Task inputs:
******

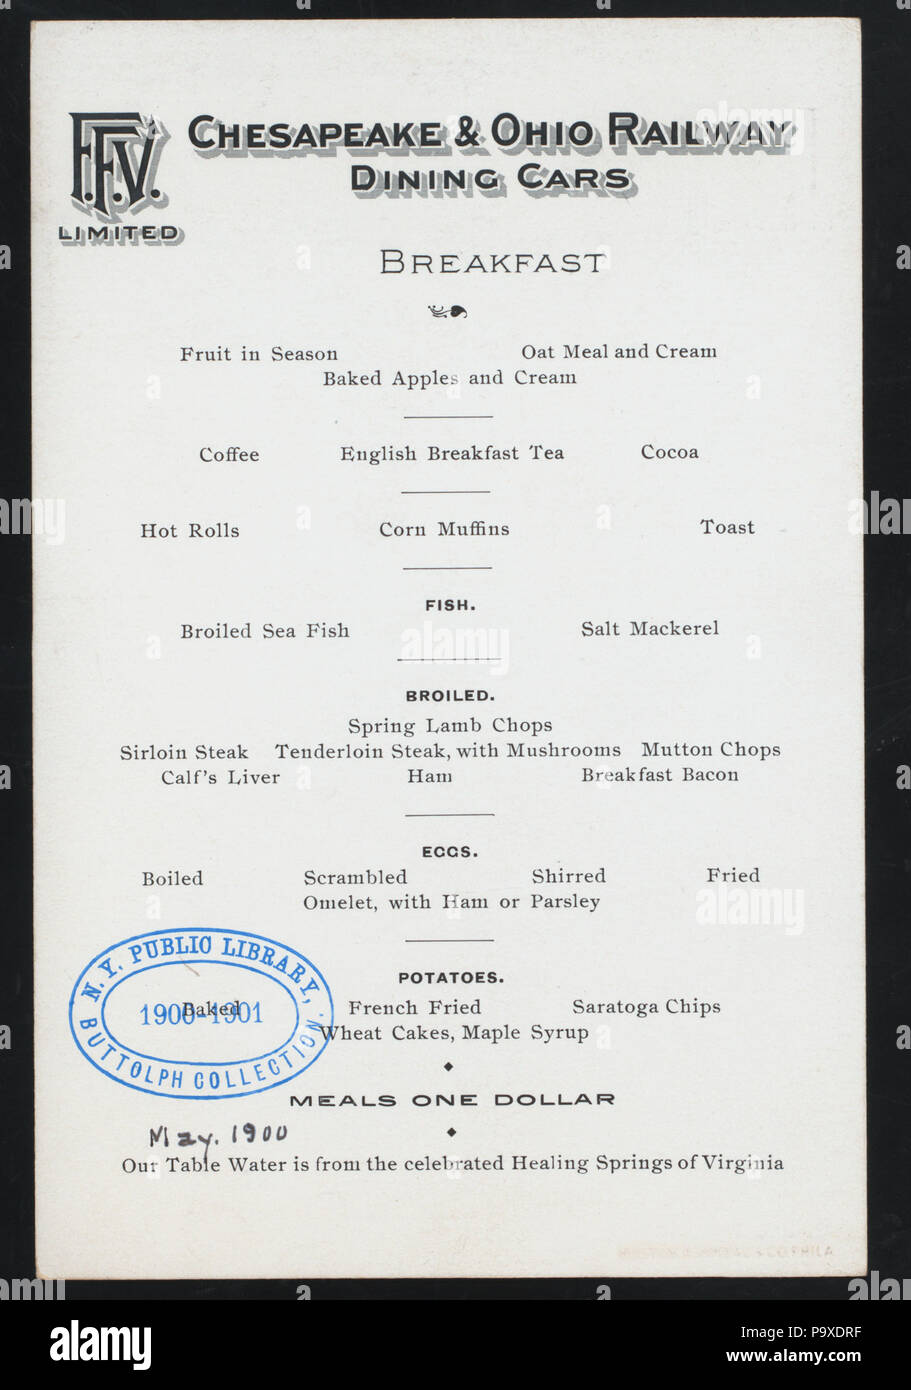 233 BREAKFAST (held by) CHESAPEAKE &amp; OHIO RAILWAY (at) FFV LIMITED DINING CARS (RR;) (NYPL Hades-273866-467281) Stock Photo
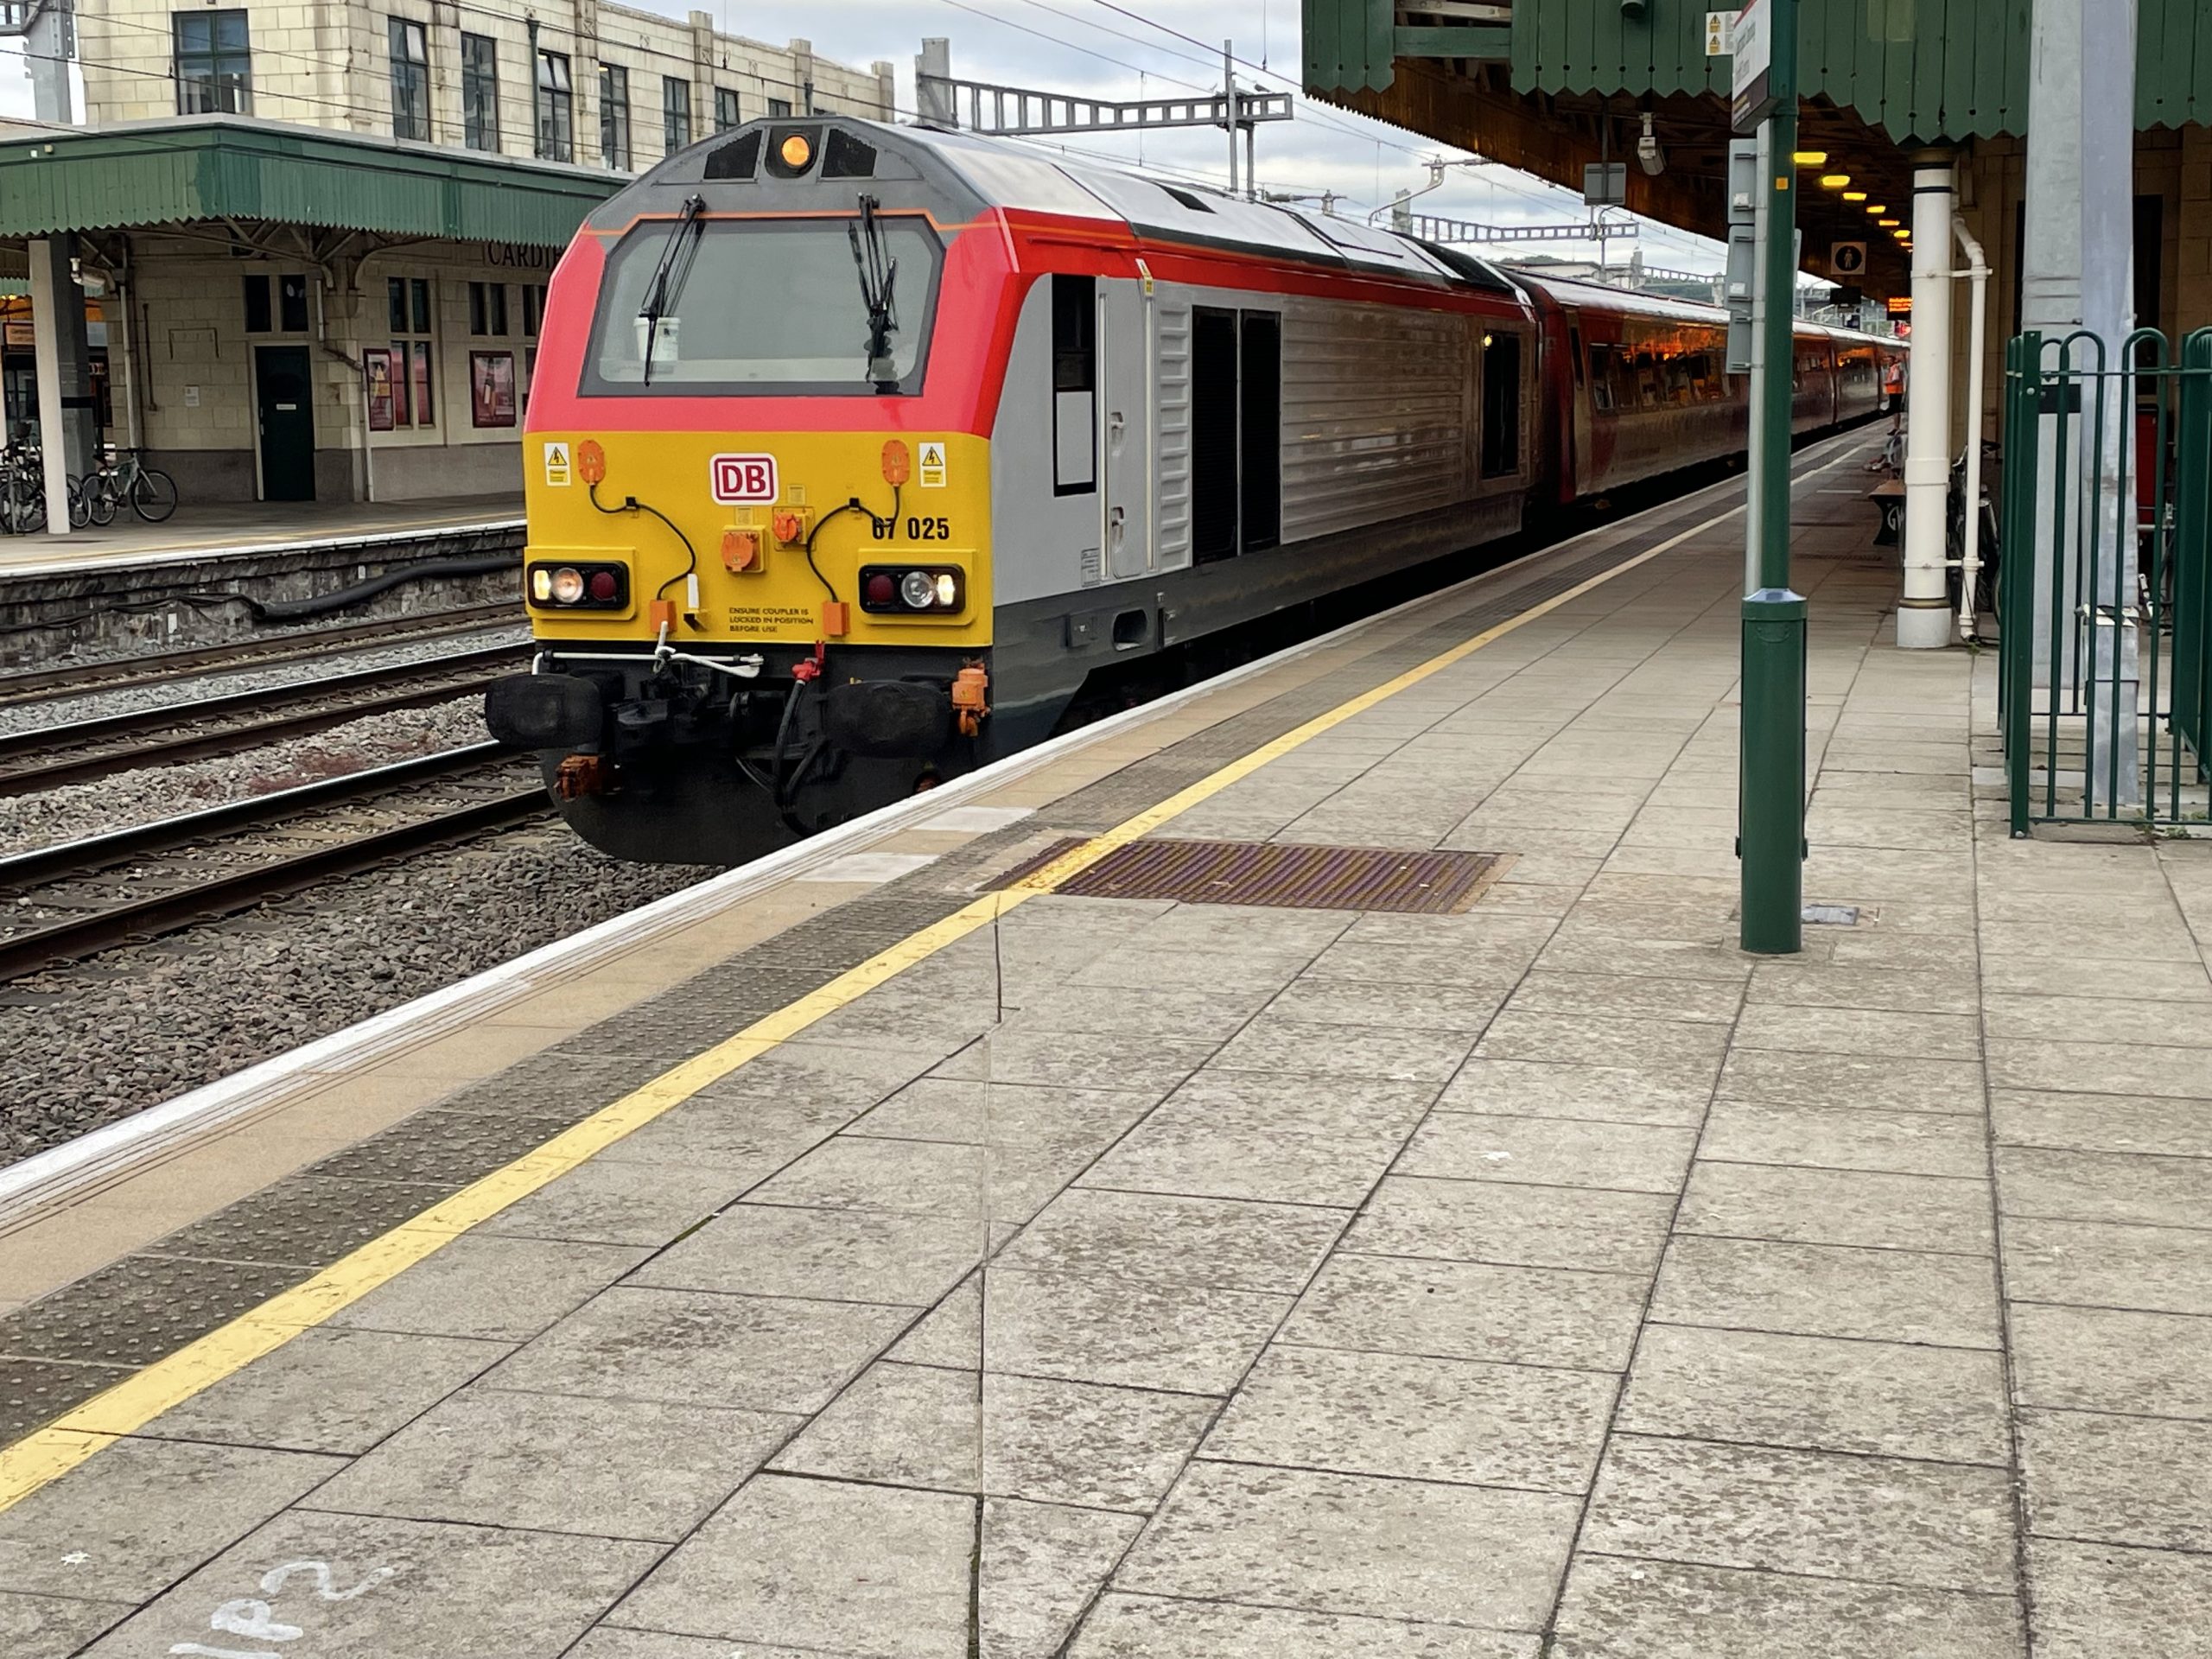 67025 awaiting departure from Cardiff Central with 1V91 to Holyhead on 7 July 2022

******

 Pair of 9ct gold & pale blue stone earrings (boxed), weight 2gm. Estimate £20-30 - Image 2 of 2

******

Copy word for word the lines of the records above from the one with "233 BREAKFAST (held" up to and including the one with "67025 awaiting departure". Skip the pictures.

 233 BREAKFAST (held by) CHESAPEAKE &amp; OHIO RAILWAY (at) FFV LIMITED DINING CARS (RR;) (NYPL Hades-273866-467281) Stock Photo
 67025 awaiting departure from Cardiff Central with 1V91 to Holyhead on 7 July 2022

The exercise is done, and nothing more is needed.